In the previous two posts, we covered two key ideas.
First, before asking AI for answers, you need to craft the right questions. Second, tools aren't limited to software — you need to explore quickly and validate lightly.
But out in the field, we still hear this:
"Okay, but what does that actually look like in practice?"
Fair point. Frameworks only matter when they work in the real world. So in this post, we'll walk through three realistic scenarios from start to finish — from defining the problem, to exploring tools, to applying AI/AX.
Scenario 1: "It takes a full day to create a quote"
The typical approach
The sales team is in pain. Creating quotes takes way too long. The usual response? Jump straight to searching for "quote automation solutions."

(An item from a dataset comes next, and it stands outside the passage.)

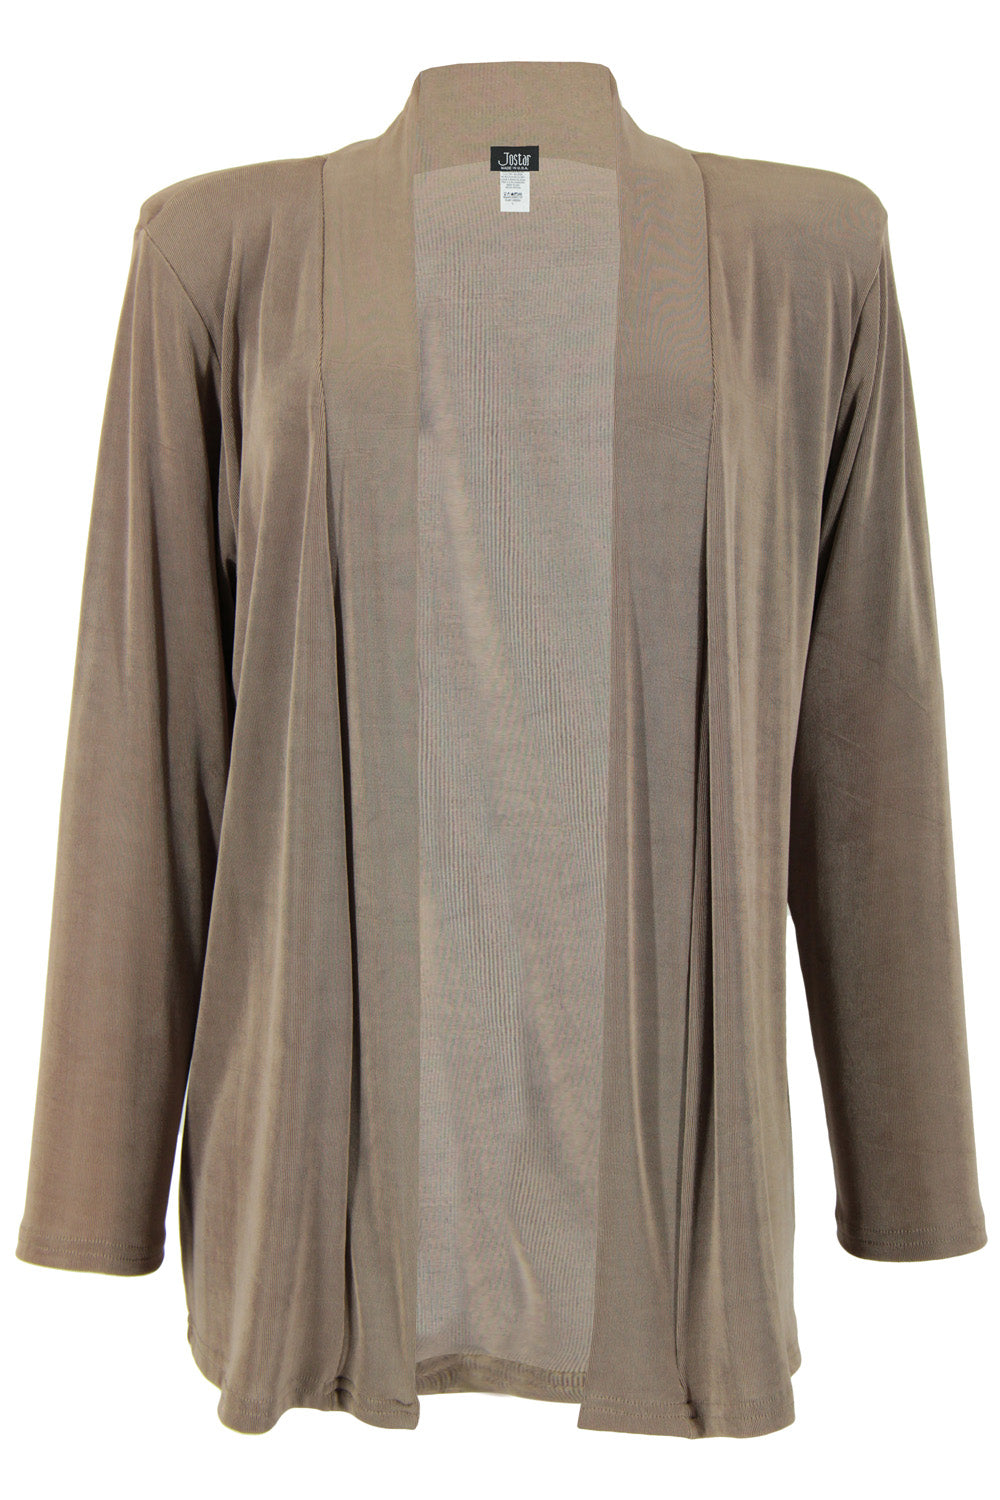 Jostar Women's Non Iron Drape Jacket Long Sleeve, 400AY-L - Jostar Online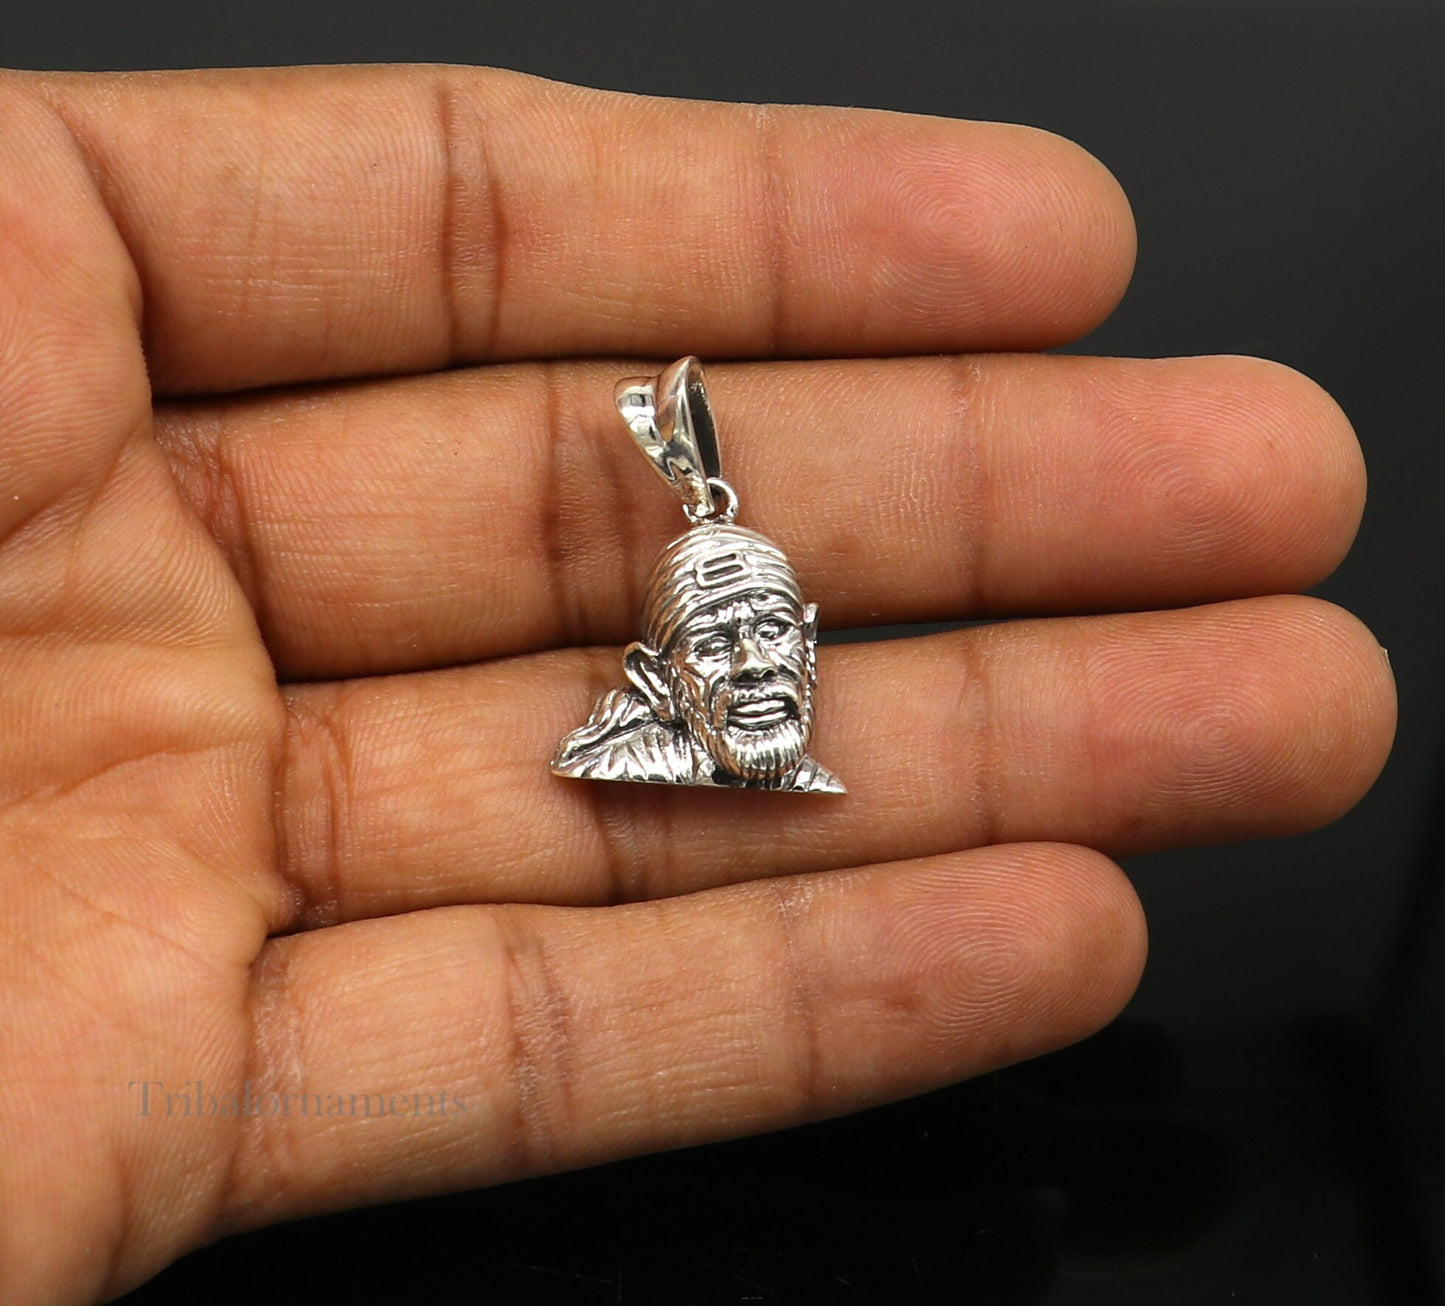 Idol Sai Baba pendant 925 sterling silver handmade amazing stylish unisex pendant locket personalized jewelry tribal jewelry ssp901 - TRIBAL ORNAMENTS

Start with the problem definition
"Who is affected, in what situation, because of what, and what's the outcome?"After receiving a customer request, sales reps have to pull product specs, unit prices, discount rates, and delivery timelines from the ERP, spreadsheets, and old emails separately, then manually transfer everything into a quote template. The result: it takes an average of 6 hours to send a quote, and 40% of urgent requests don't get a same-day response.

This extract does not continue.